The operators settled the claims of their own employees as well as the claims that were made on behalf of the subcontractors’ employees. The subcontracts, however, contained clauses which provided for the subcontractors to indemnify the operators in respect of any liability they might have to the subcontractors’ employees.

The operators of the Piper Alpha brought this action to recover the payments made to the subcontractors’ employees. The payments had been partly funded by the operators and partly by their liability underwriters.

The judge held that although the facts of the casualty were sufficient to trigger the indemnity clauses, the liability underwriters were not subrogated to the operators’ claims under the indemnity clauses. In his view, both the liability insurers and the subcontractors were equally liable to indemnify the operator. This resulted in the payment by the insurers extinguishing the operators’ right to claim from the subcontractors. Therefore, there was no claim to which the insurers could be subrogated.
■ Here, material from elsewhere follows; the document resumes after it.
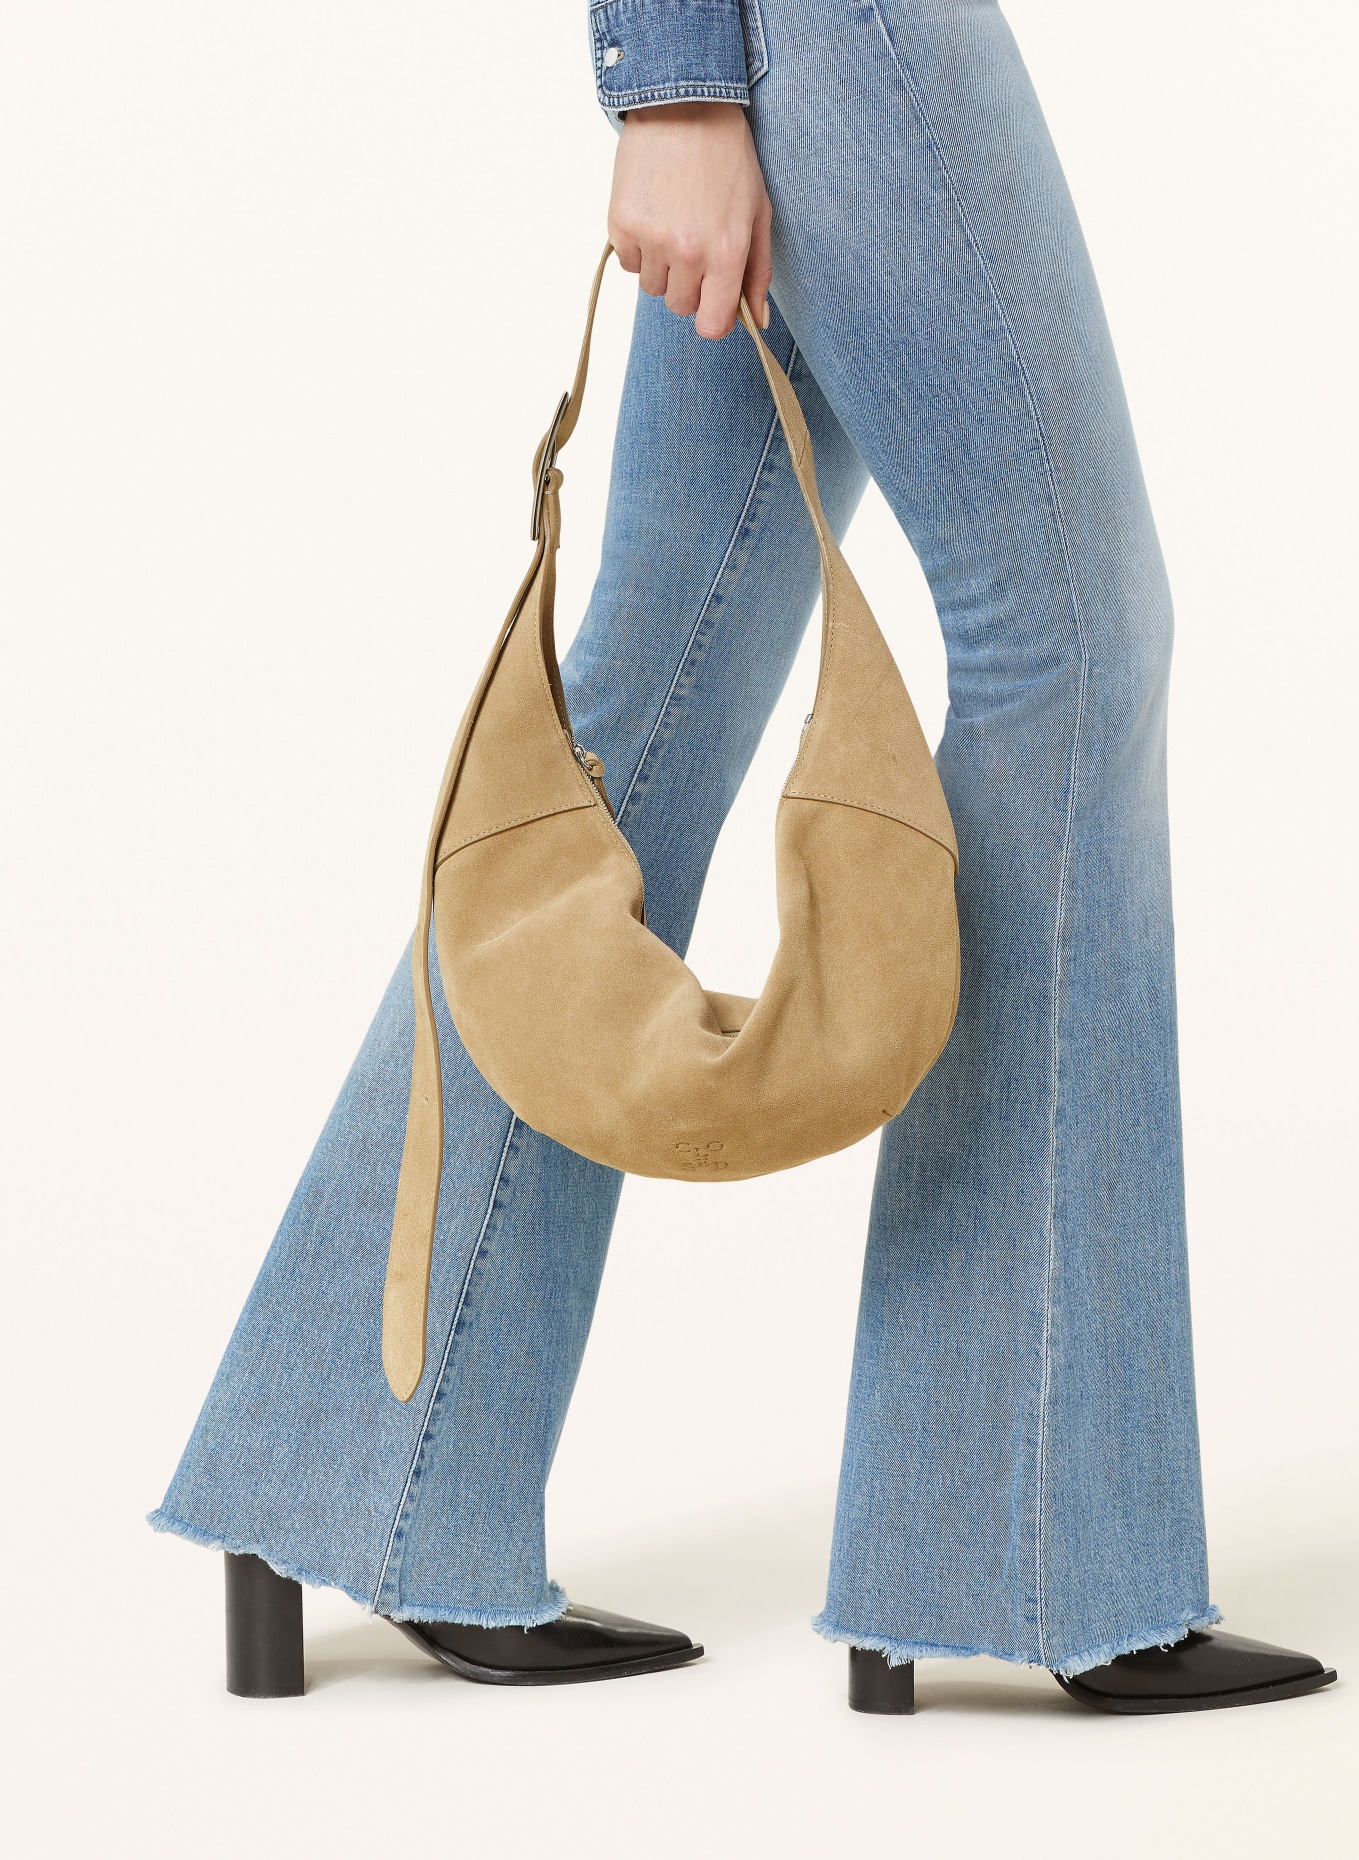 THE.NIM STANDARD Flared jeans KYLIE, Color: W837-VLG LIGHT BLUE (Image 5)

The only right which the insurers had was to seek a contribution in their own name to the payment which they had made.

This is rather a surprising decision and, if correct, undermines many of the assumptions on which the risk allocation in offshore contracts is based. This means that these contracts and liability policies for offshore operators would need to be revised. It is likely that there will be an appeal to the Inner House of the Court of Session.
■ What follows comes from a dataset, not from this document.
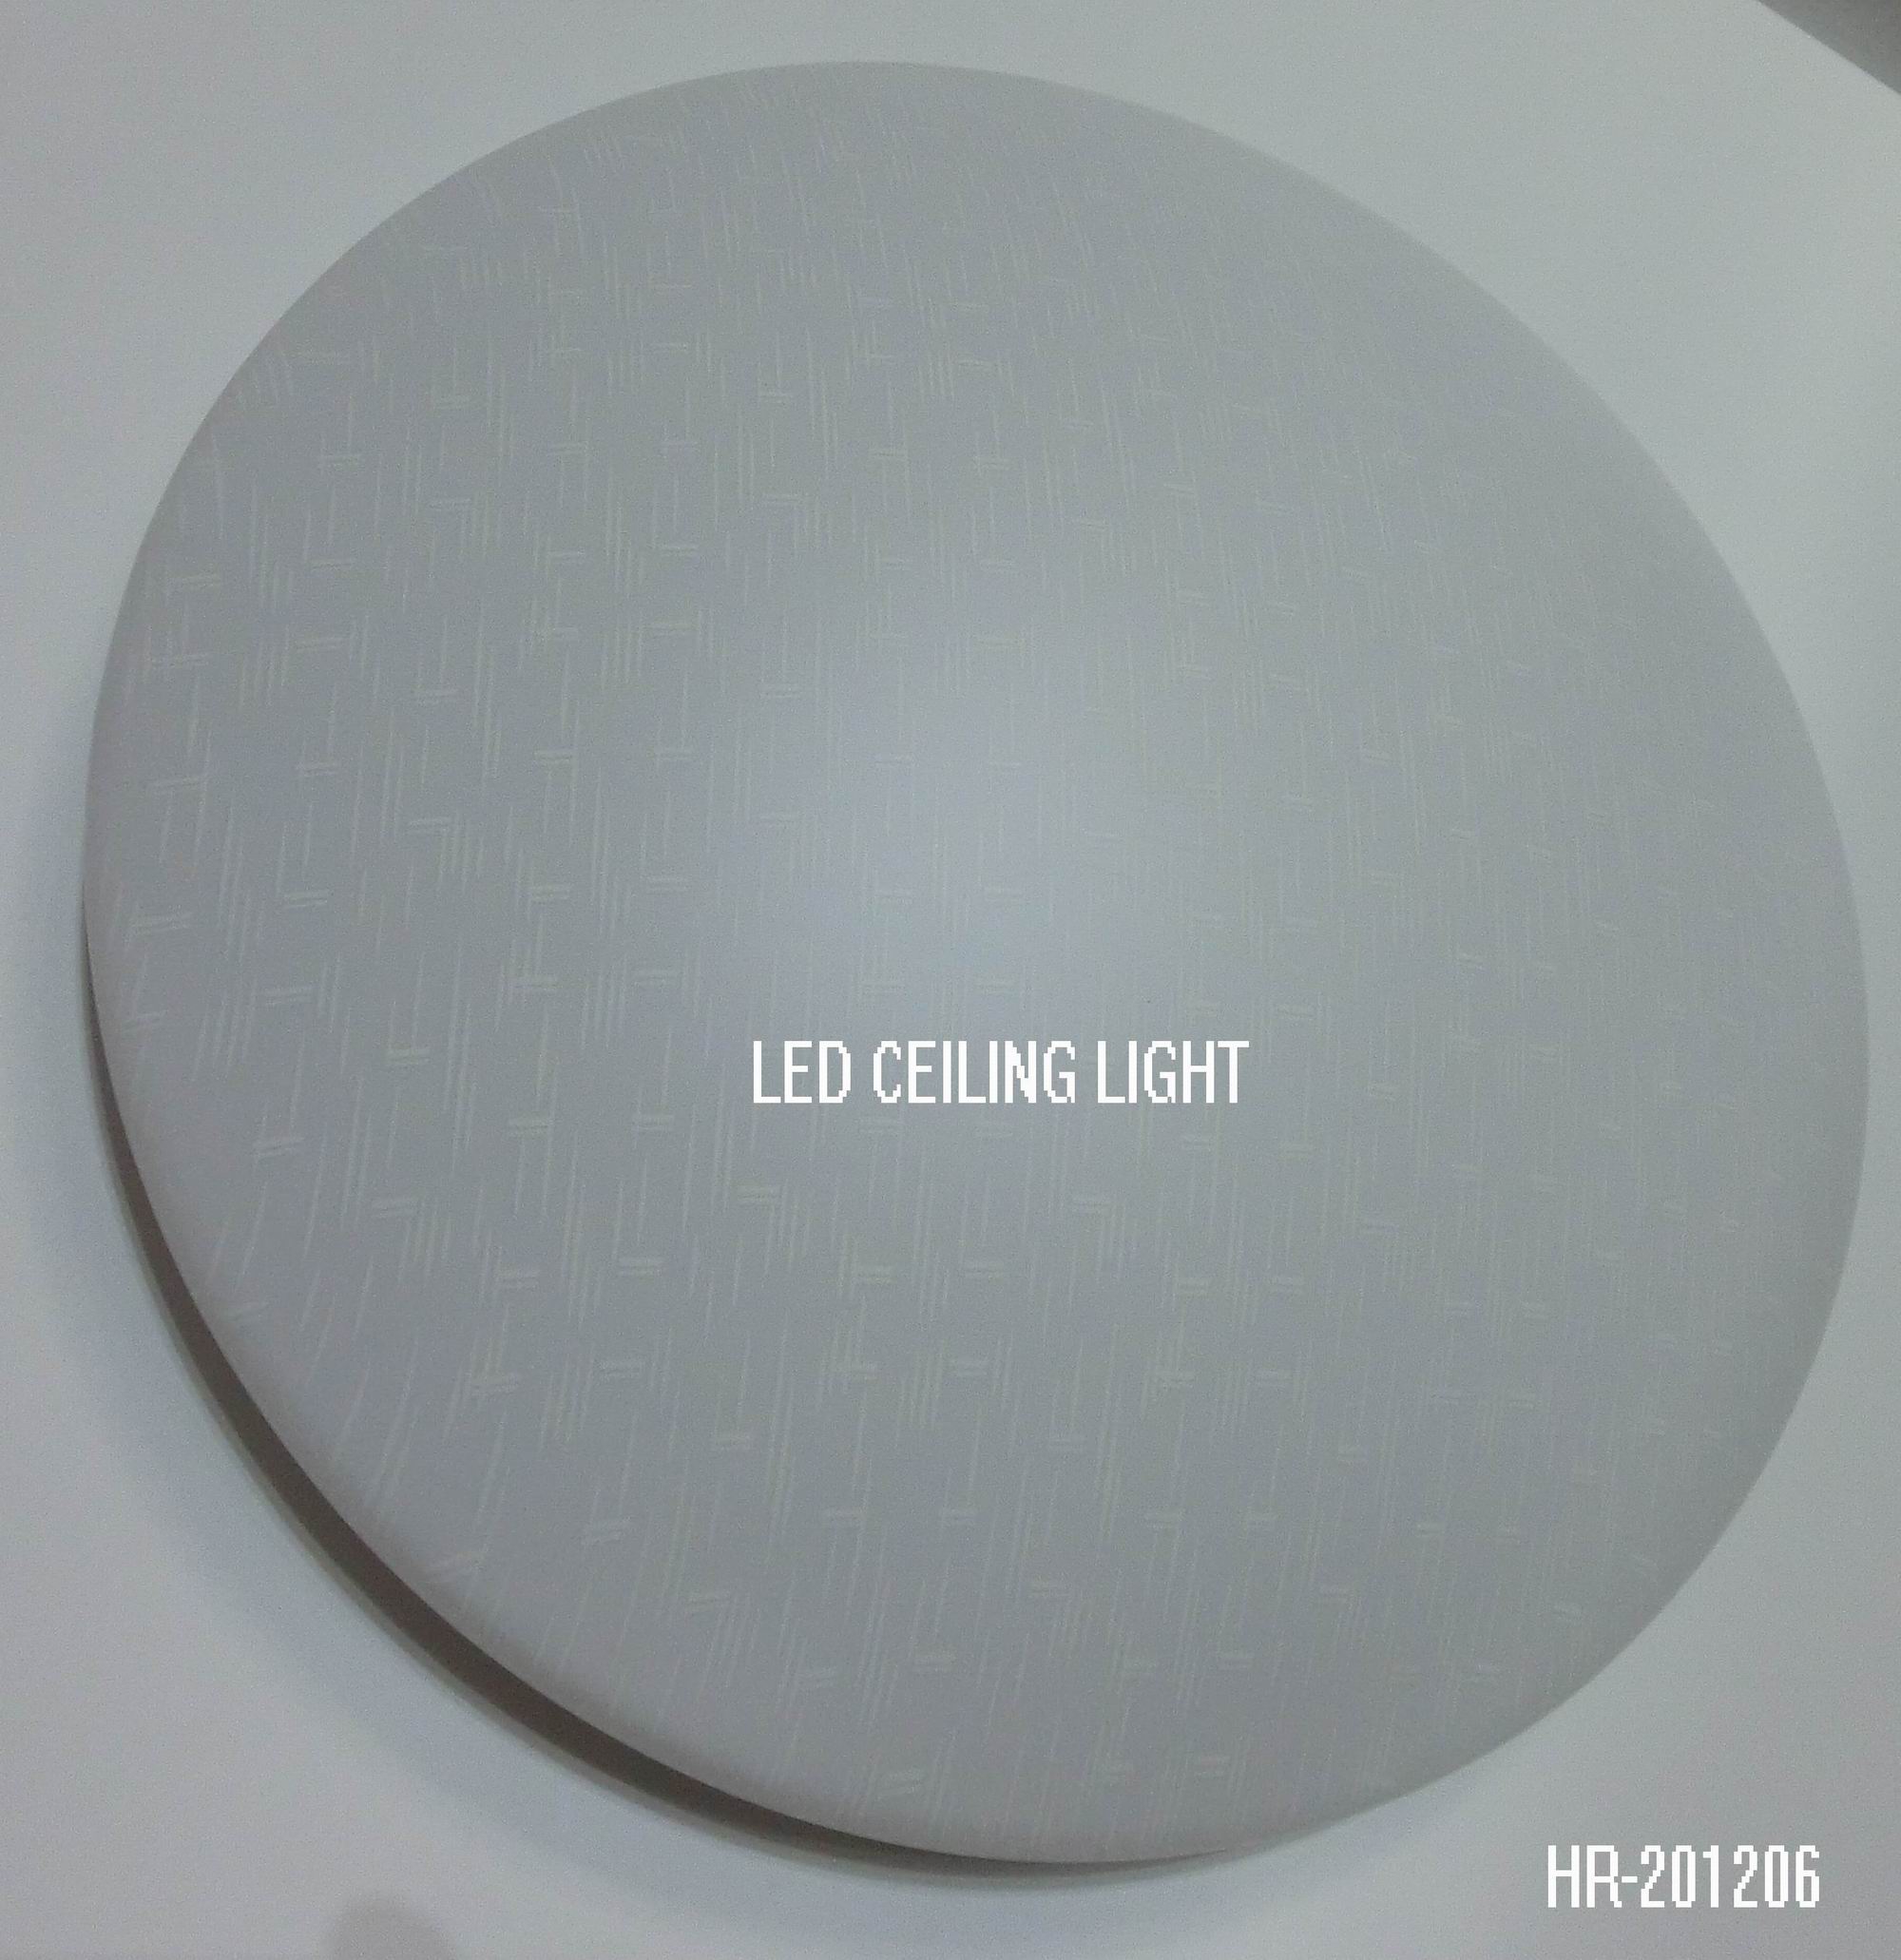 LED CEILING LIGHT HR-201206

Liability on packets not boxes

THE Court of Appeal in London has held that, where a bill of lading listed a number of containers said to contain a specified number of separately packed items, the carrier’s liability under the Hague Rules in the event of loss was limited by reference to the number of separately packed items rather than by the number of containers. The bill of lading was not conclusive of the contents of the containers.

The River Gurara suffered an engine breakdown and sunk off the coast of Portugal with total loss of cargo. Some of the cargo was in containers. That cargo was described in the bill of lading as a number of "bales" or "parcels" or "bags" or "bundles" or "crates" or "cartons" or "pallets". The issue of whether the liability limited under the Hague Rules was to be calculated on the containers or on the individual items within them has been decided in many jurisdictions, but not in England.

The appeal court found, by a majority decision, that the Hague Rules limit of liability fell to be calculated by reference to the particulars of the cargo and its packaging as it was proved to have been on loading, not by reference to the description in the bill of lading. The court said the position was inconvenient and could lead to uncertainty, which decisions in the United States avoided, but that could not justify an interpretation that the rules could not bear.

(The Times Law Reports)

Timely insurance
Callaghan v Dominion Insurance Company Ltd

THIS decision of Sir Peter Webster sitting in the Queen’s Bench Division establishes that the time at which the cause of action for breach of a contract of insurance by the insurer accumulates, namely the date of the casualty, is the same for both property and marine insurances.

In the judge’s view, an indemnity insurance is an agreement by the insurer to grant the insured a contractual right - which comes into existence immediately the loss is suffered through the happening of an event insured against - to be put in the same position in which the insured would have been had the event not occurred.